Niedowierzanie w Monachium. Bayern na deskach

PAP/EPA / Ronald Wittek / Na zdjęciu: Karim Adeyemi był jednym z bohaterów meczu Bayern - Borussia
PAP/EPA / Ronald Wittek / Na zdjęciu: Karim Adeyemi był jednym z bohaterów meczu Bayern - Borussia

Bayern Monachium przegrał z Borussią Dortmund 0:2 w hitowym meczu 27. kolejki Bundesligi i wynik jest całkowicie zasłużony. Bayern traci już 13 punktów do prowadzącego Bayeru Leverkusen.

Już chyba mało kto wierzy w Monachium, że Bayern sięgnie w tym sezonie po kolejny tytuł mistrzowski. Sobotnia przegrana z Borussią Dortmund na pewno nie poprawi nastrojów wokół drużyny prowadzonej (jeszcze) przez Thomasa Tuchela.

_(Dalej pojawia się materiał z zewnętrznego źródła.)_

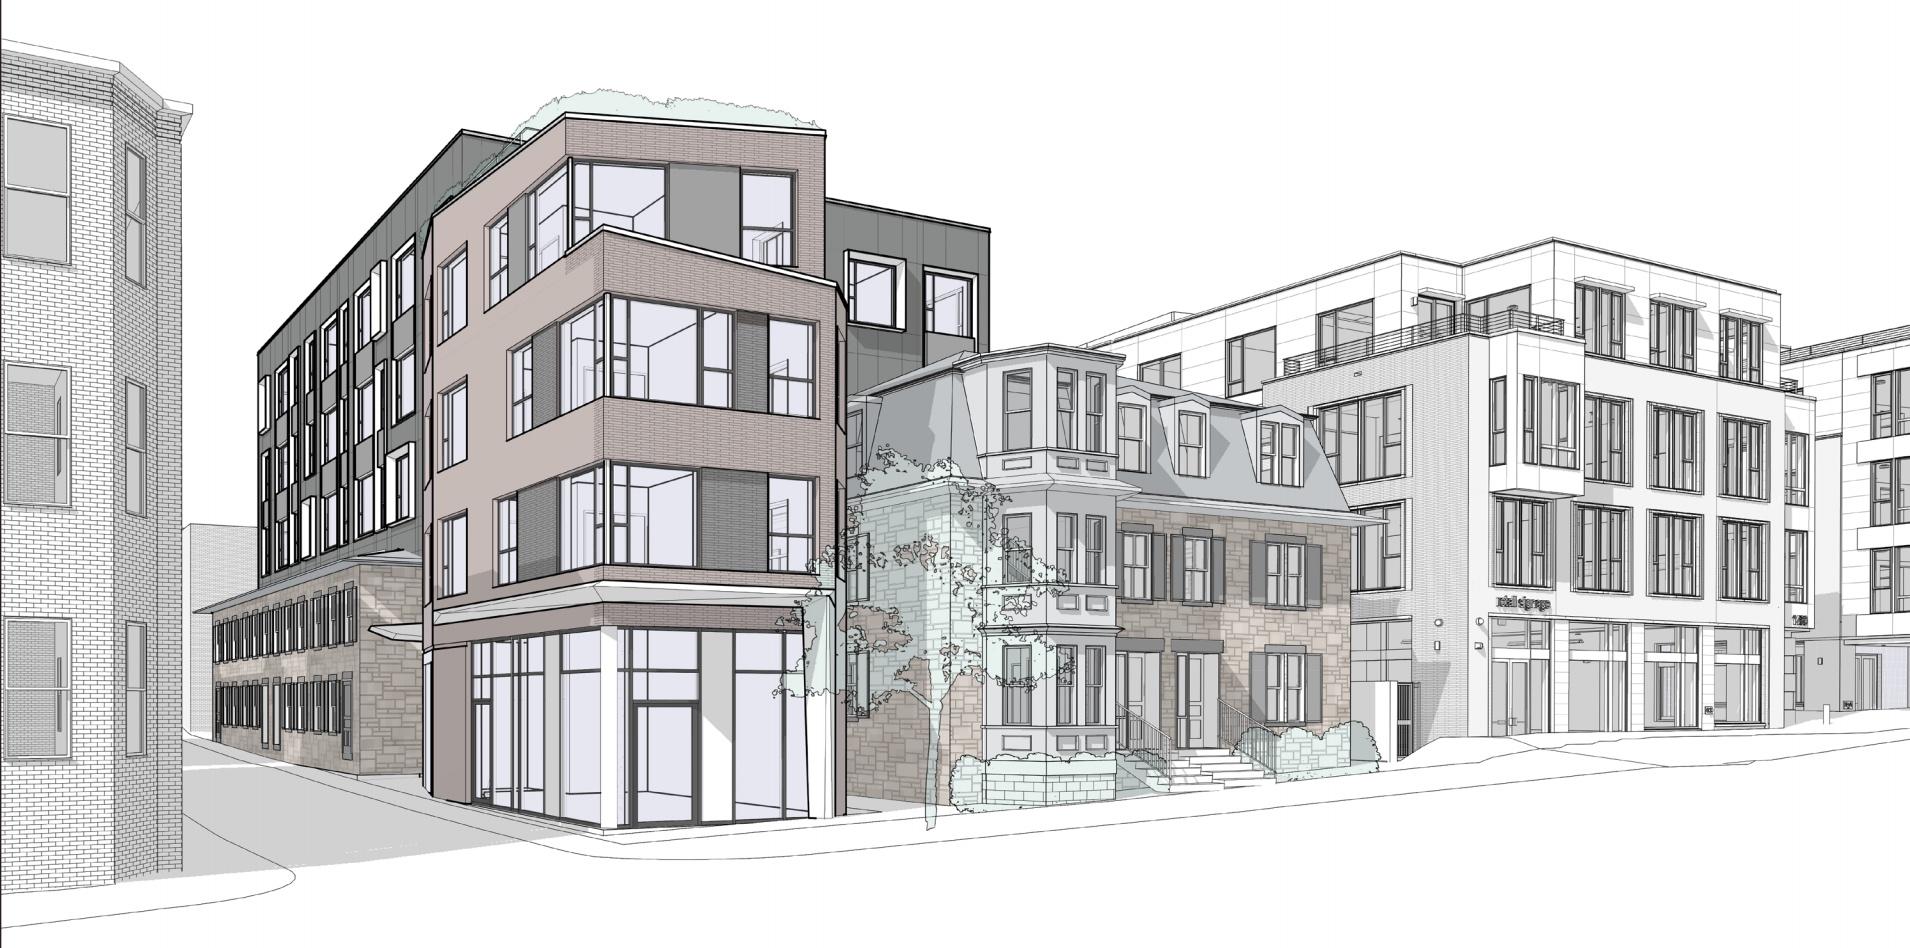 1470 tremont street savage properties residential retail mixed use development mission hill roxbury mbta orange line architect hacin associates rendering 2

W starciu z BVB Bayern był strasznie niemrawy, atakował bez werwy. Goście szybko wyszli na prowadzenie, a później próby odrabiania strat przez Bawarczyków przypominały bicie głową w mur. Bo przecież stojący w bramce Borussii Alexander Meyer wcale nie był bohaterem swojego zespołu. Miał stosunkowo niewiele pracy.

O wszystkim zdecydowały  dwie akcje. Pierwsza w 10. minucie, gdy Borussia wyprowadziła świetny kontratak. Julian Brandt przytomnie zagrał do Karima Adeyemiego, a ten strzałem z ostrego kąta pokonał Svena Ulreicha, który znalazł się w bramce wobec kontuzji Manuela Neuera. I cóż, ewidentnie nie pomógł w tej sytuacji swojemu zespołowi. Druga w końcówce, kiedy bierni gospodarze zostali rozklepani przez dortmundczyków i po asyście Sebastiena Hallera do siatki trafił Julian Ryerson. Wtedy kibice Bayernu zaczęli wychodzić ze stadionu.

ZOBACZ WIDEO: Ależ słowa o Polaku. "Grał artystycznie. To piłkarz z innej gliny"

Bo co z tego, że Bayern miał optyczną przewagę, wypracował więcej sytuacji, skoro był nieskuteczny. Choć z drugiej strony nie mówimy tu o stuprocentowych szansach. Najlepszą miał Harry Kane po dośrodkowaniu Joshuy Kimmicha, ale Anglik fatalnie spudłował z kilku metrów. Gospodarze chętnie atakowali skrzydłami i wszystko wyglądało dobrze do momentu oddania strzału.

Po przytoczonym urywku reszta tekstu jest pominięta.